| Work required |
Write down the listing again exactly as it appears below, without its pictures.

| Information supplied |

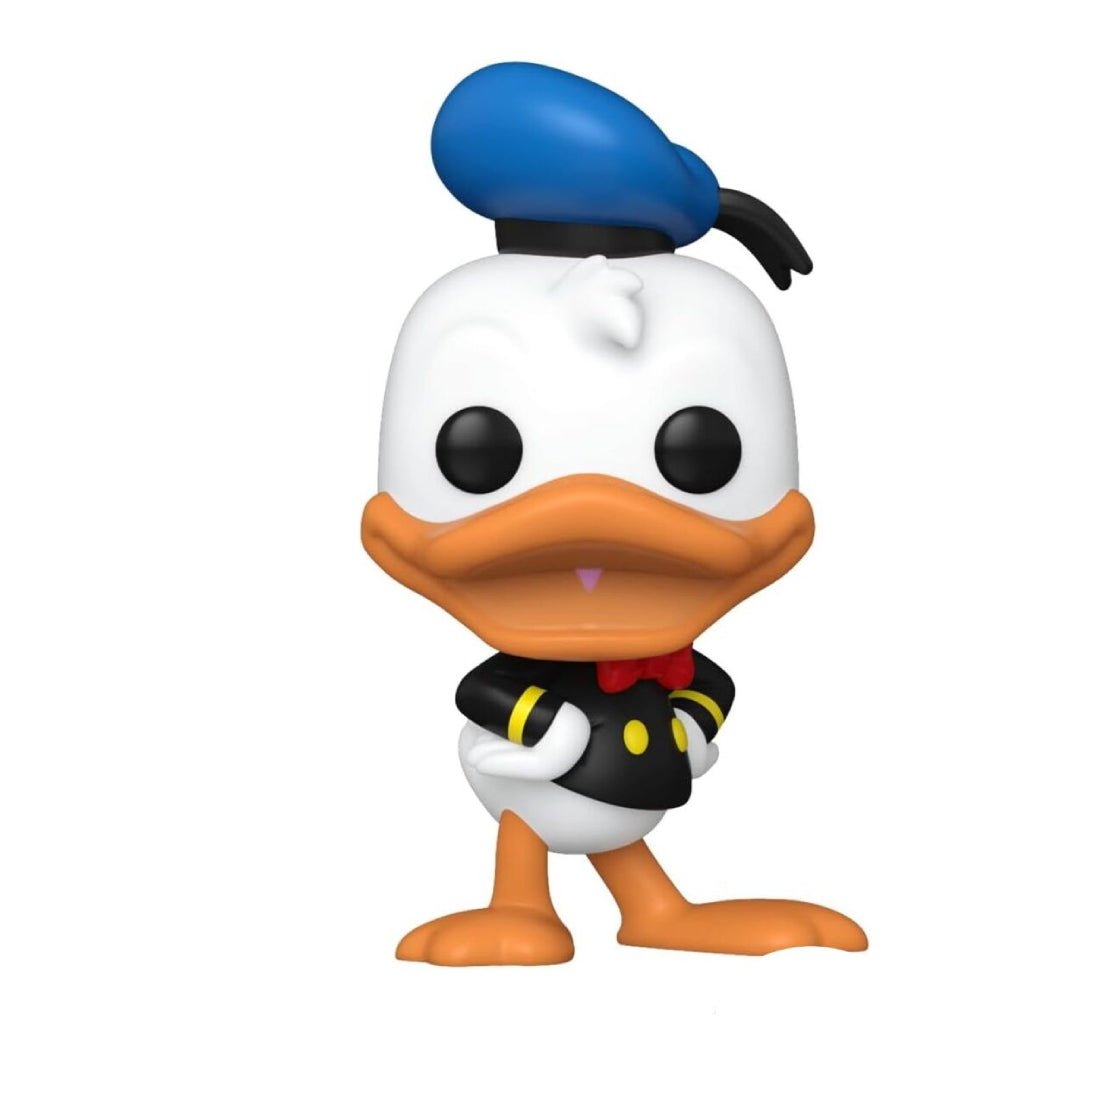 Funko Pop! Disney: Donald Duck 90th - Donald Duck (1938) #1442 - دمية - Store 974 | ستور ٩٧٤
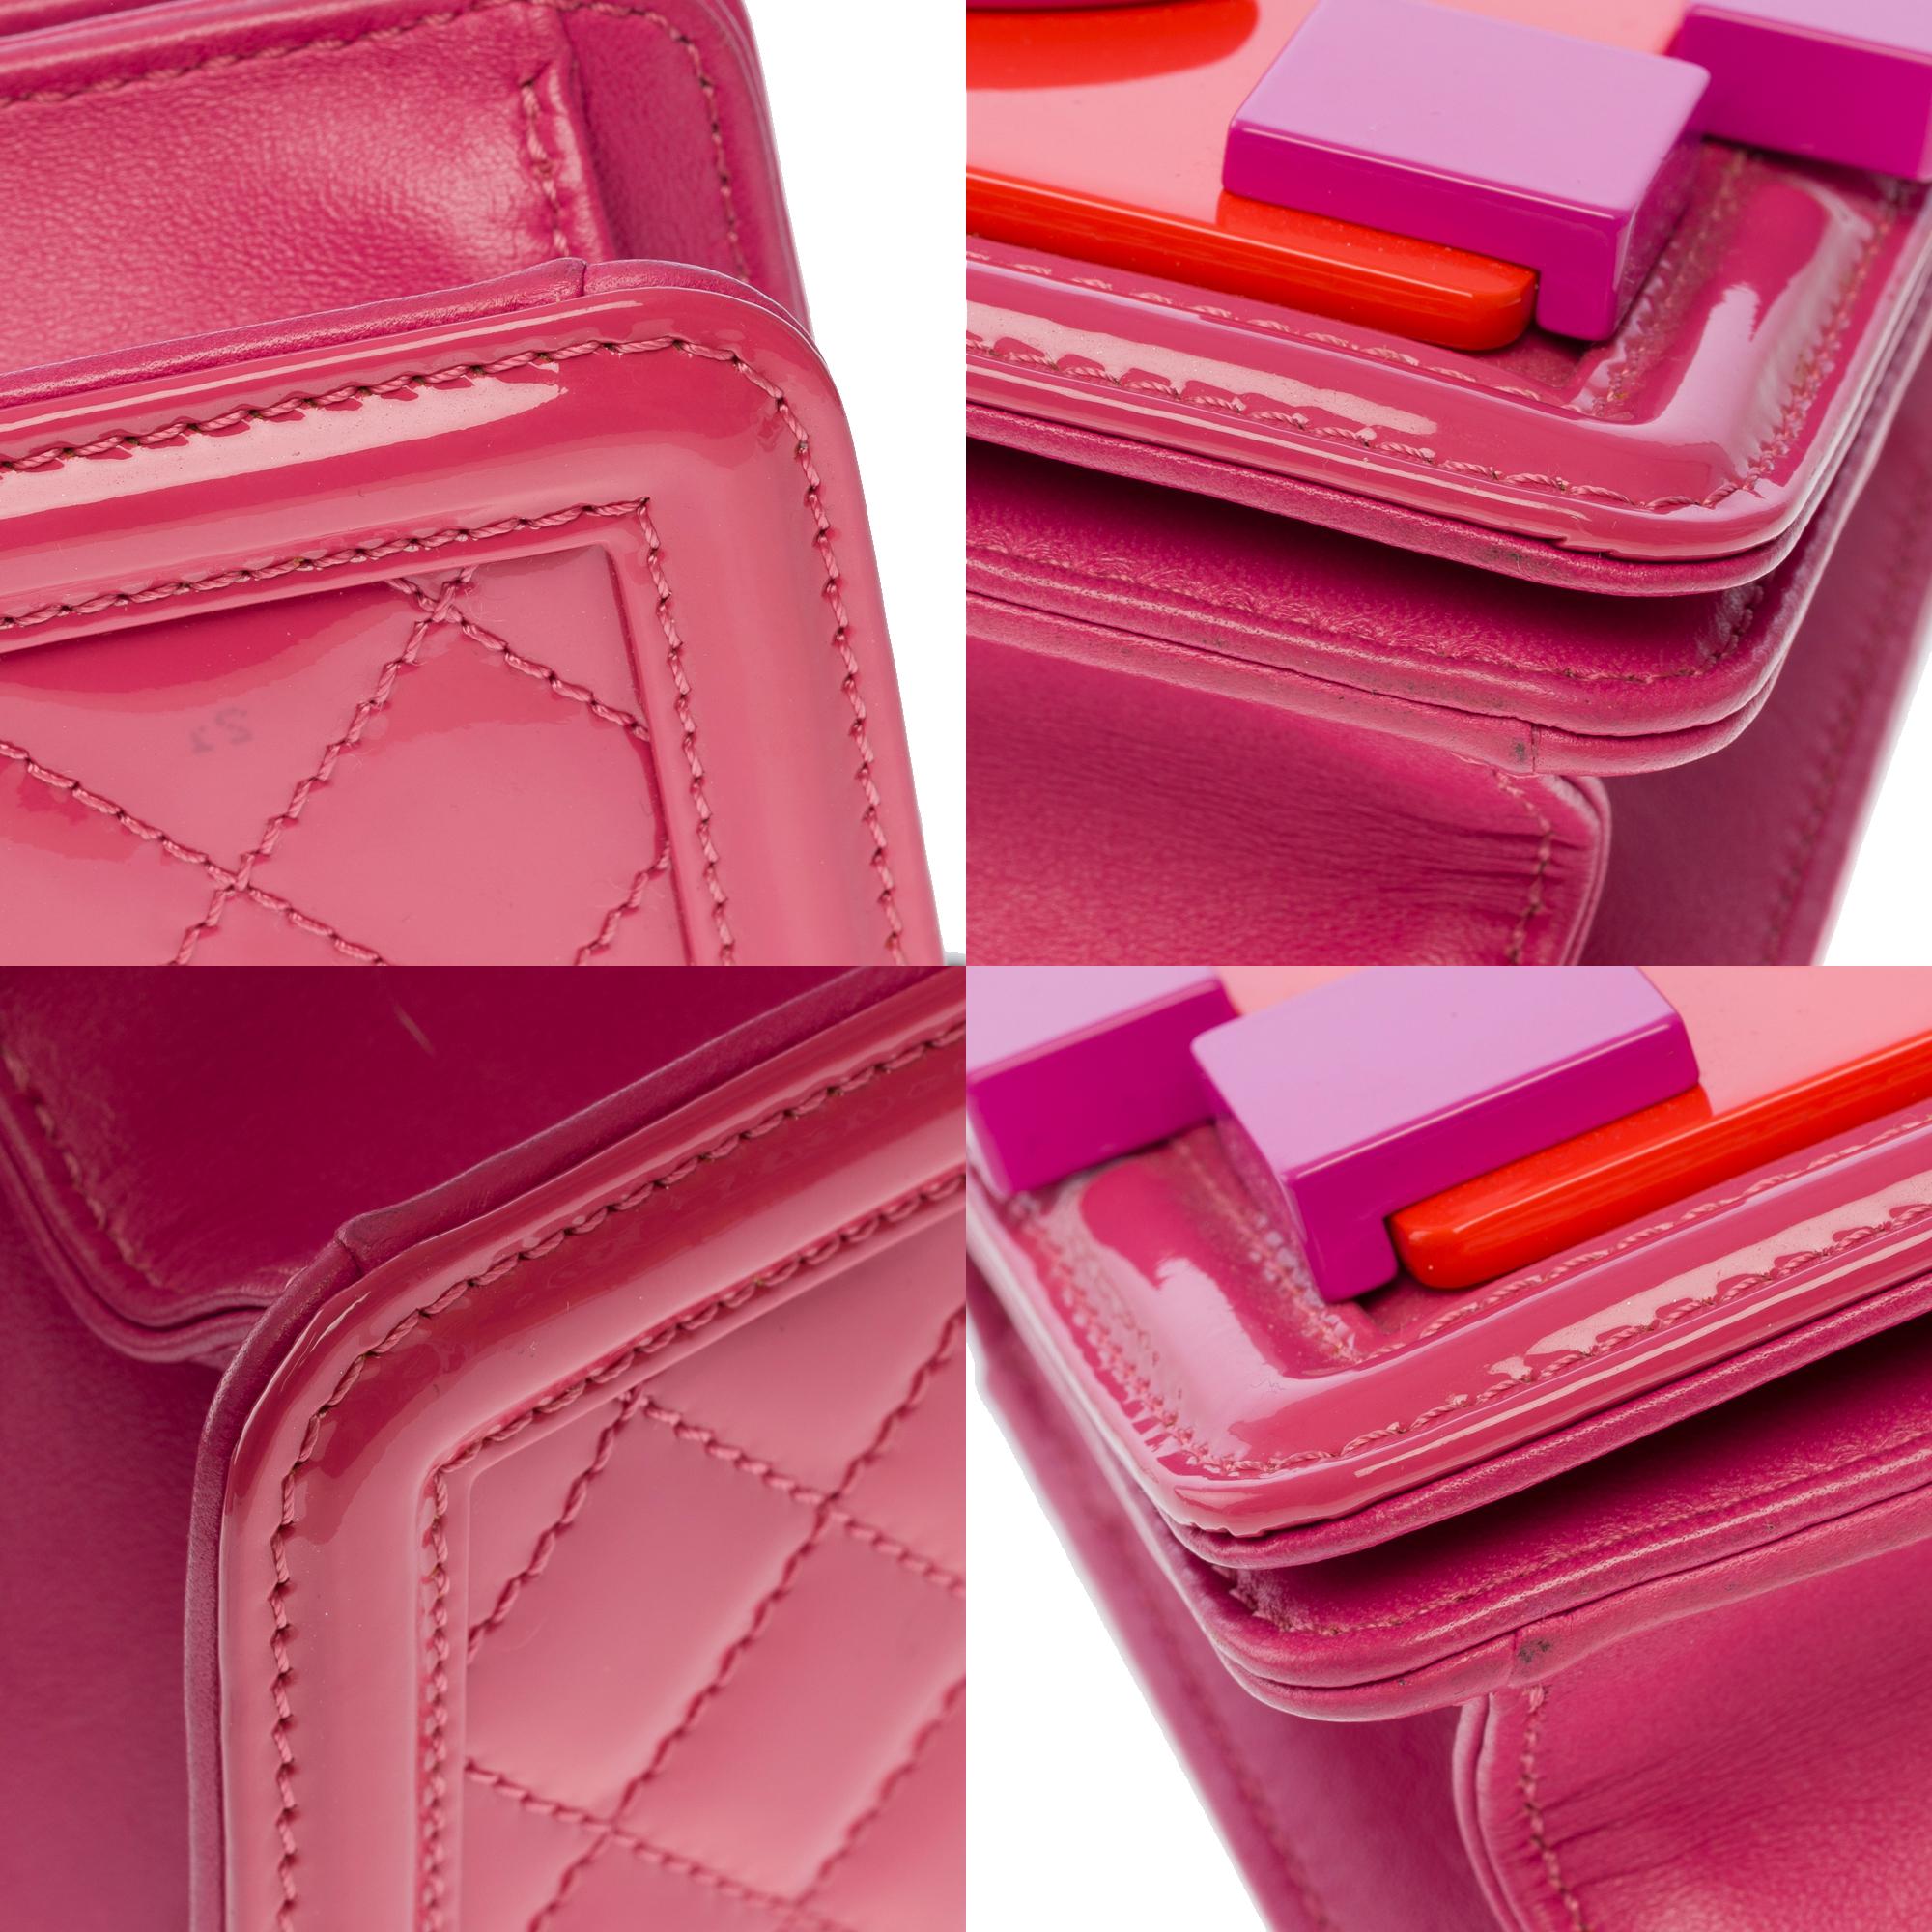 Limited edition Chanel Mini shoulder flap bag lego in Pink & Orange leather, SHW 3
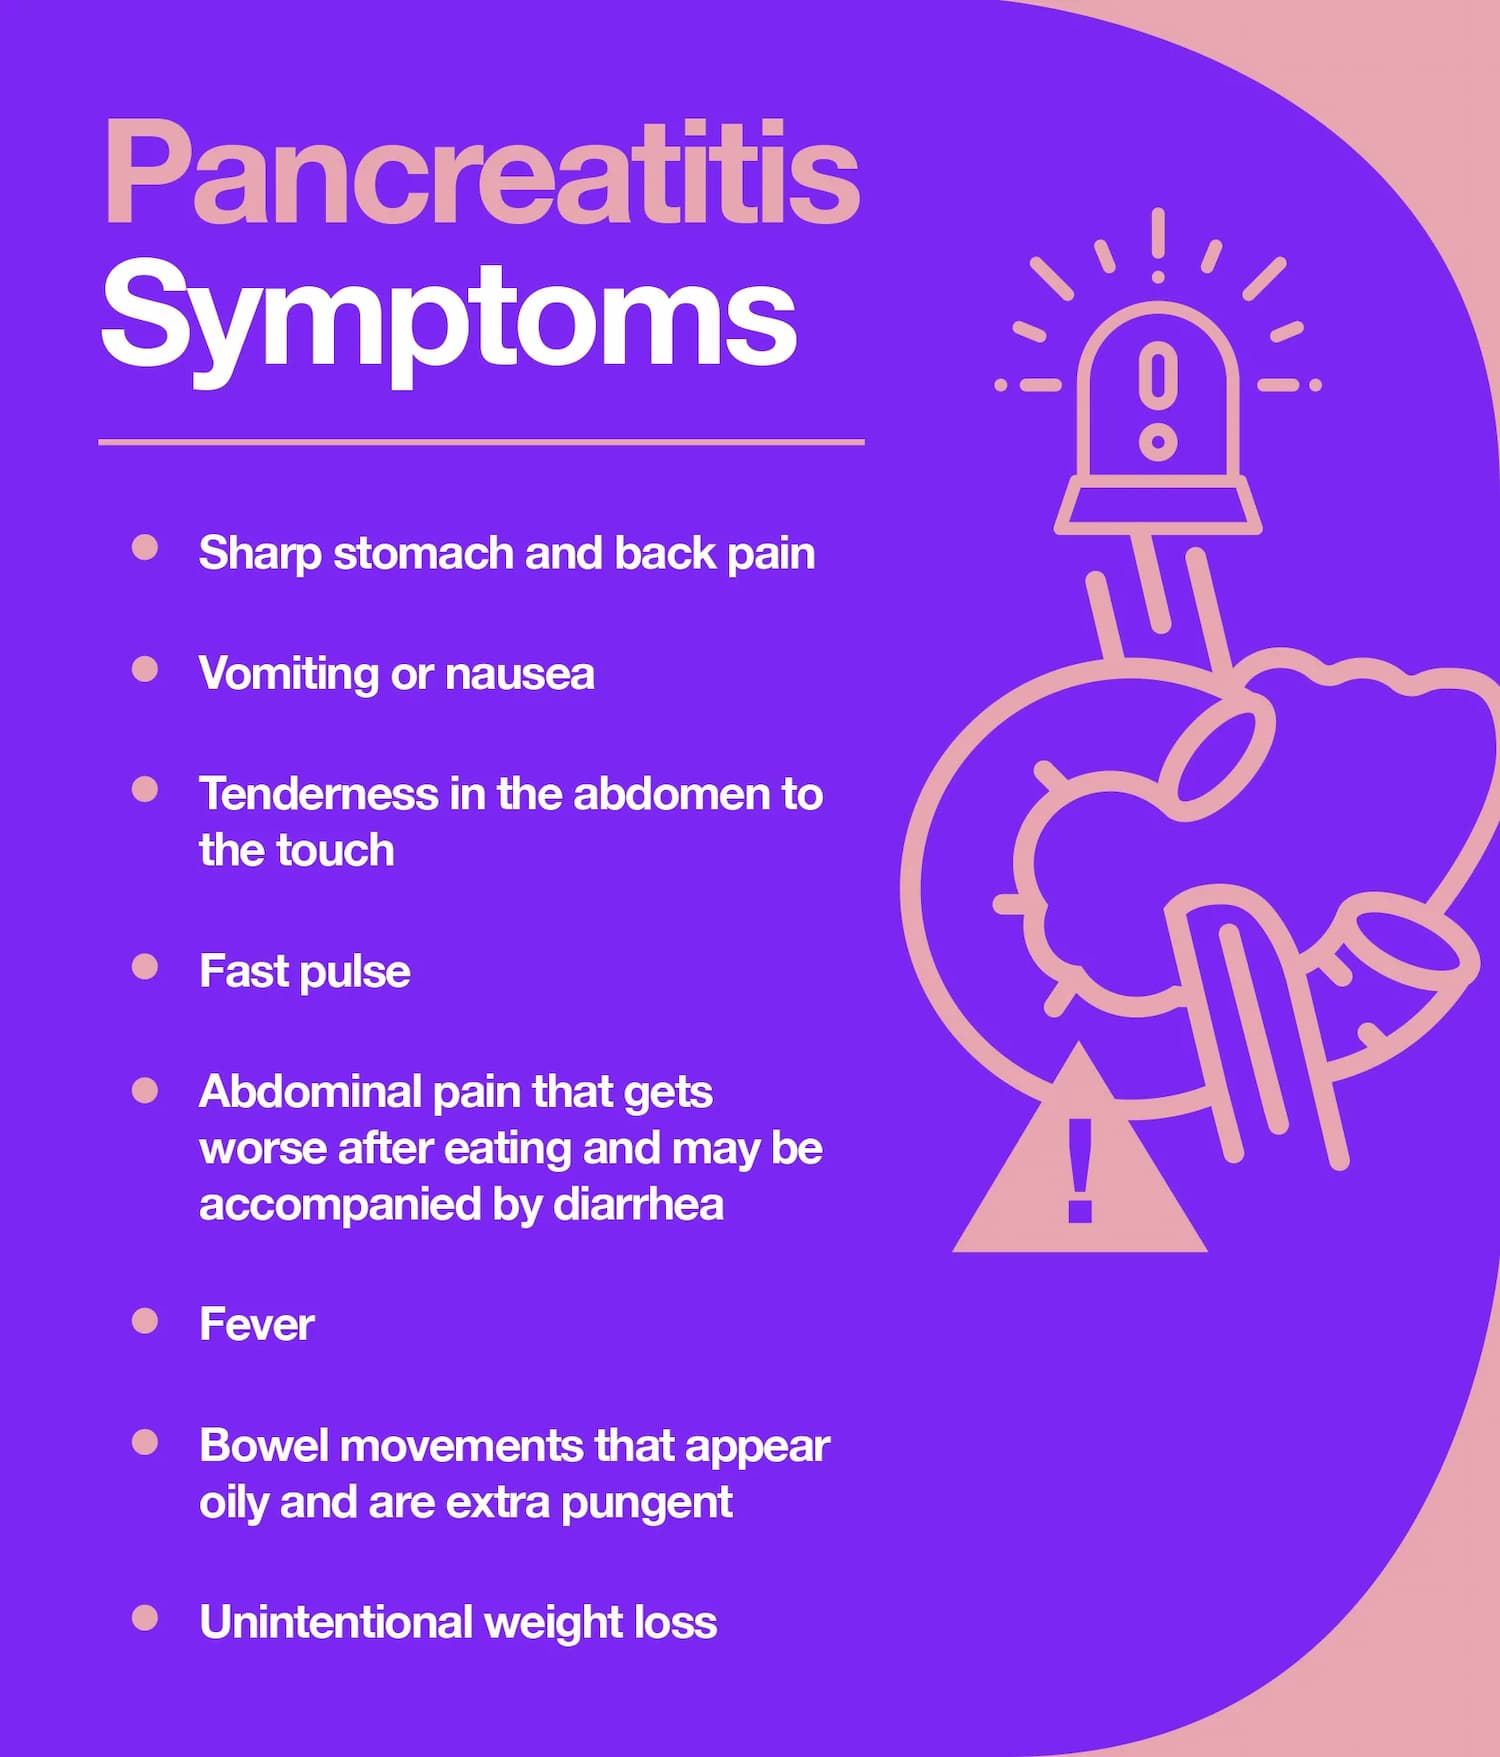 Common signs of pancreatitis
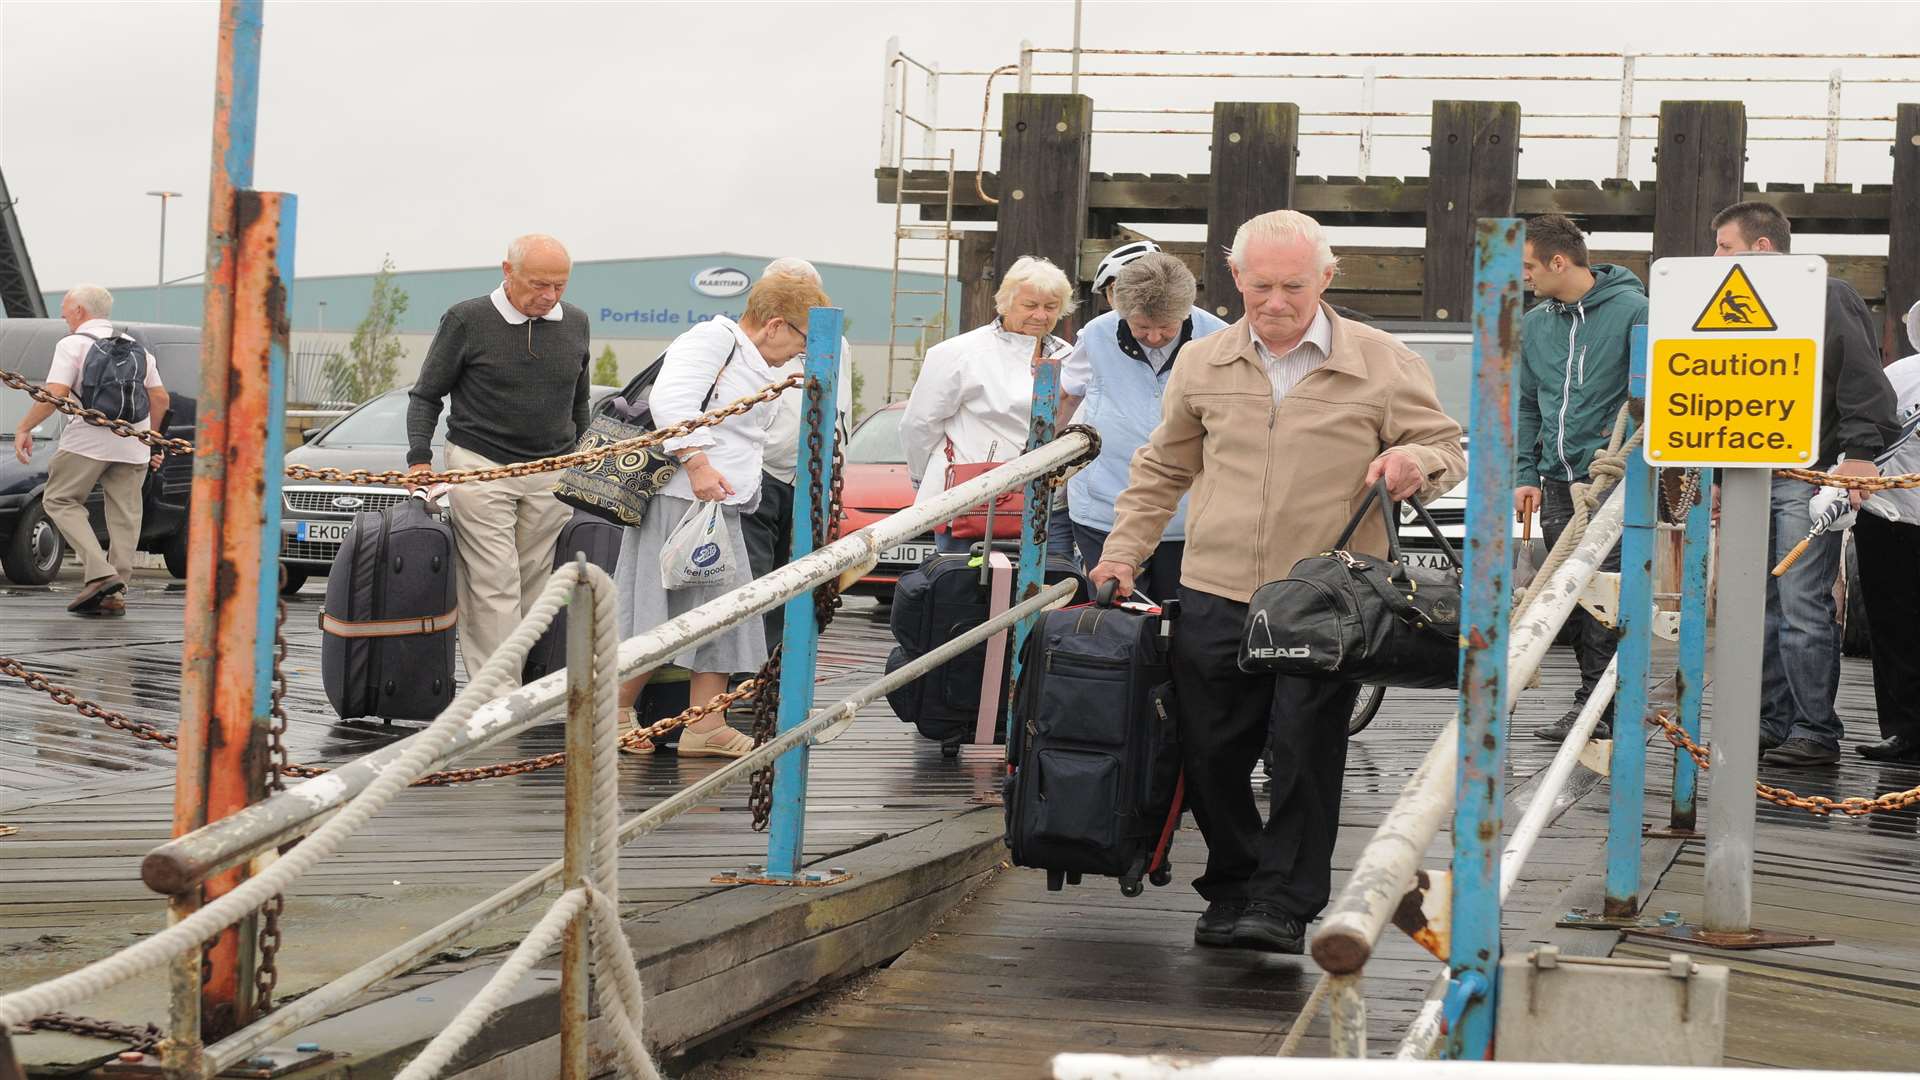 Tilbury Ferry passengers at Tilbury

| Expected answer |
 Funko Pop! Disney: Donald Duck 90th - Donald Duck (1938) #1442 - دمية - Store 974 | ستور ٩٧٤
 Limited edition Chanel Mini shoulder flap bag lego in Pink & Orange leather, SHW 3
 Common signs of pancreatitis
 Tilbury Ferry passengers at Tilbury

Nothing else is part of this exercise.